The census size for Thailand was ∼68.41 million in 2017, and for Laos was ∼6.76 million in 2016 (Simons and Fennig 2018). There are five linguistic families distributed in these two countries. While the Tai-Kadai (TK) language is widely spread in southern China and MSEA, it is concentrated in present-day Thailand and Laos as it is a major language spoken by Thais (90.5%) and Laotians (67.7%). Austroasiatic (AA) speakers are next most frequent, accounting for 4.0% in Thailand and 24.4% in Laos. In addition, this area is also inhabited by historical migrants who speak Sino-Tibetan (ST), Hmong-Mien (HM), and Austronesian (AN) languages (frequencies of 3.2%, 0.3% and 2% respectively in Thailand; 3.1%, 4.8% and 0% in Laos) (Simons and Fennig 2018).
It is generally thought that AA languages were brought to the Thai/Lao region by Neolithic farmers from southern China, while TK languages were brought by a later, Bronze Age migration, also from southern China (Bellwood 2018). The Neolithic expansion was ∼2-3 kya before the expansion of TK languages; thus, the AA people were thought to be present before the TK expansion. The TK migration during the Bronze Age could have occurred via either demic diffusion (an expansion of TK people that brought both their genes and their language) or cultural diffusion (a language spread with minor movement of people). A genetic study on the origin of TK people supports a southern Chinese origin (Sun et al. 2013), while our previous studies of mtDNA genome sequences supports demic diffusion as the best explanation for the origin of the present-day Thai/Lao TK groups, although there is a strong signal of admixture between TK and AA groups in central Thailand (Kutanan et al. 2017; Kutanan et al. 2018b).
The male-specific portions of the Y chromosome (MSY) are paternally-inherited and exhibit lineages specific to populations/geographic regions, making the MSY an informative tool for reconstructing paternal genetic history and demographic change (Barbieri et al., 2014; Yan et al., 2014).

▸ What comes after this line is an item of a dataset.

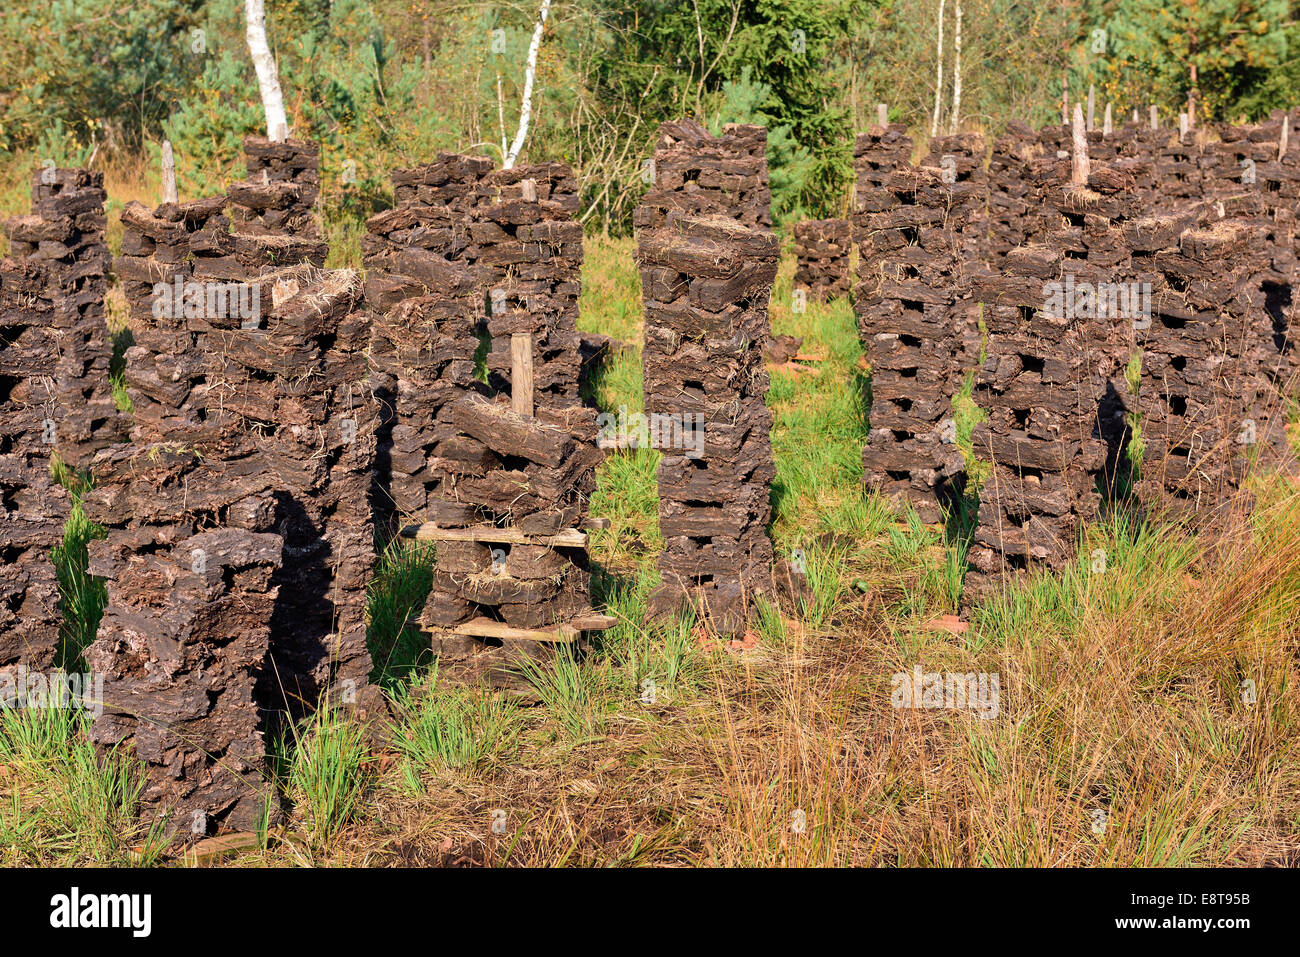 Stacks of peat sods left or drying in the traditional manner, Grundbeckenmoor Rosenheim, near Raubling, Upper Bavaria, - Stock Image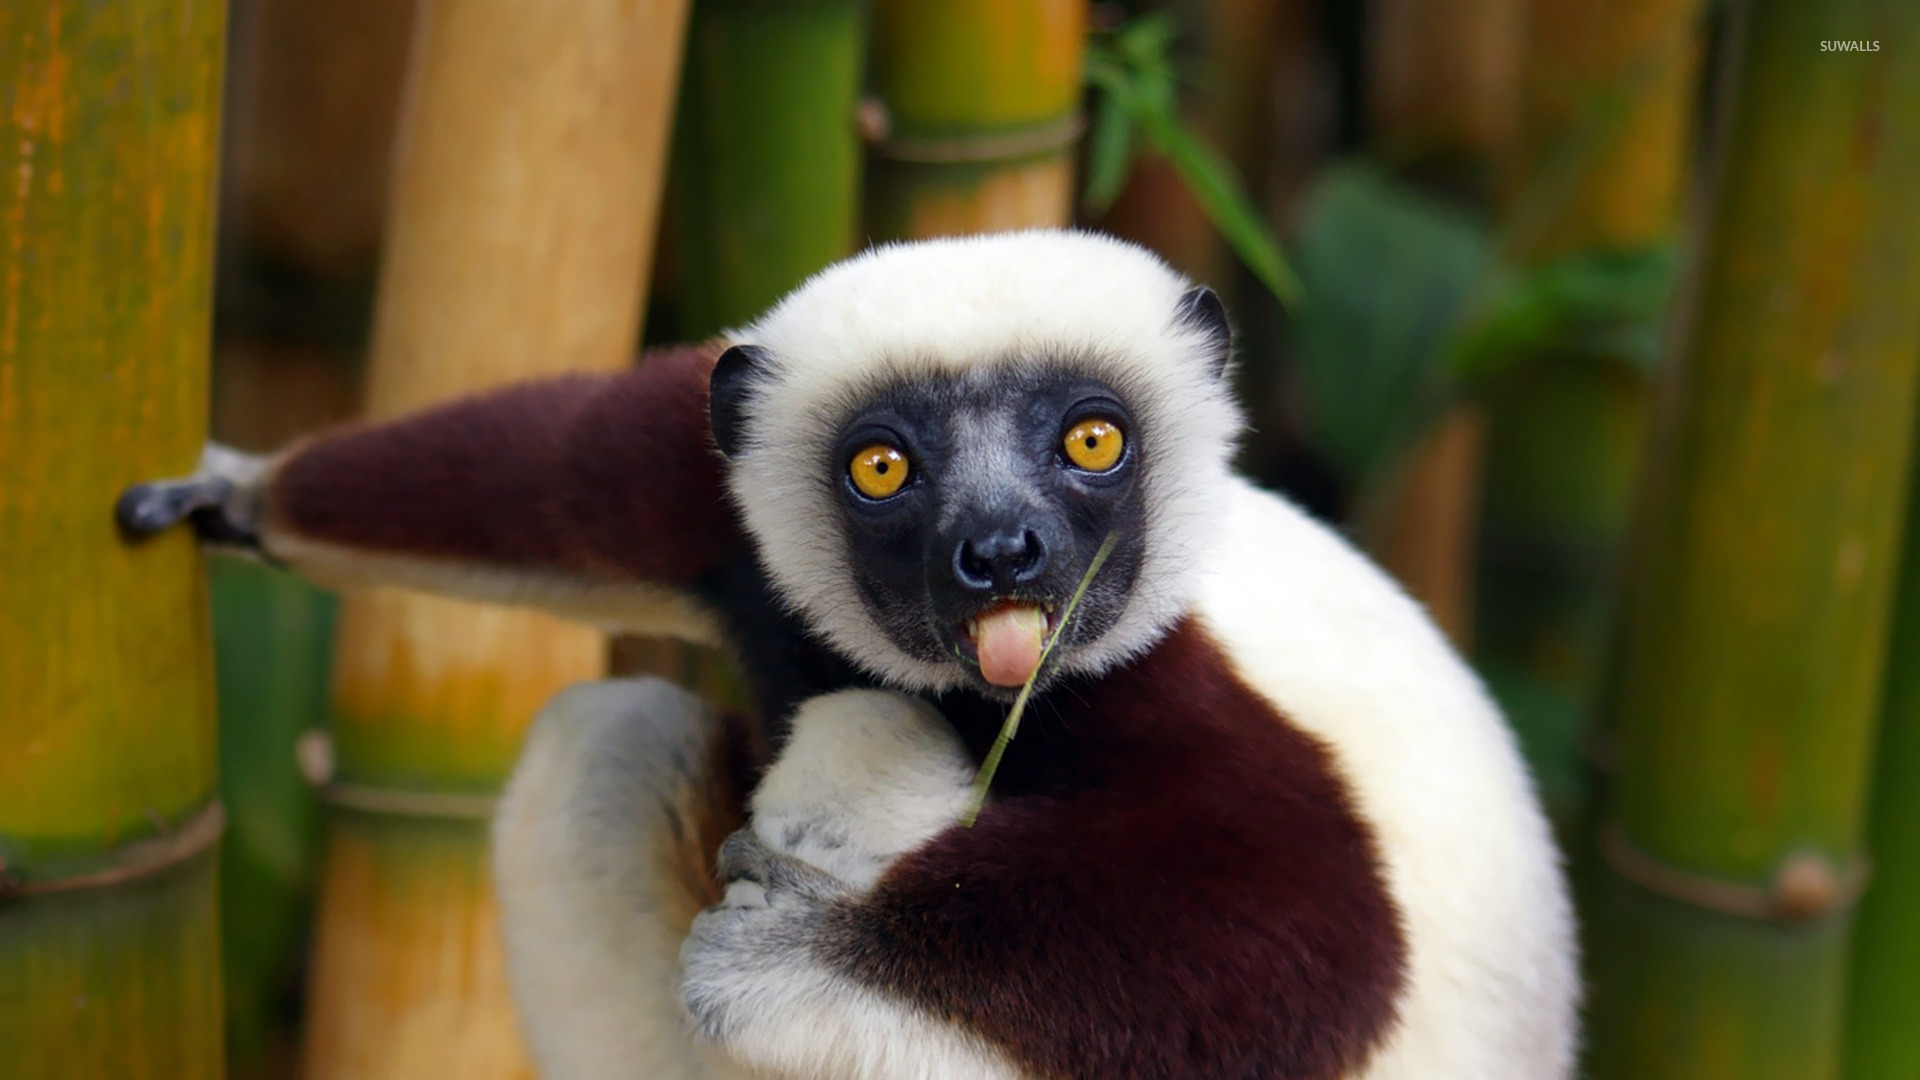 Top Lemur Wallpaper - lemur-15313-1920x1080  Trends_694039.jpg

However, to date there have been few MSY studies of MSEA and almost all of them employed short tandem repeats (Y-STRs) (Cai et al. 2011; Kutanan et al. 2011; Brunelli et al. 2018) which complicates comparison with mtDNA sequences due to their different mutational mechanism. In addition, those previous studies have also defined haplogroups by genotyping assays, which are thus biased in terms of the haplogroups detected and cannot uncover new sublineages.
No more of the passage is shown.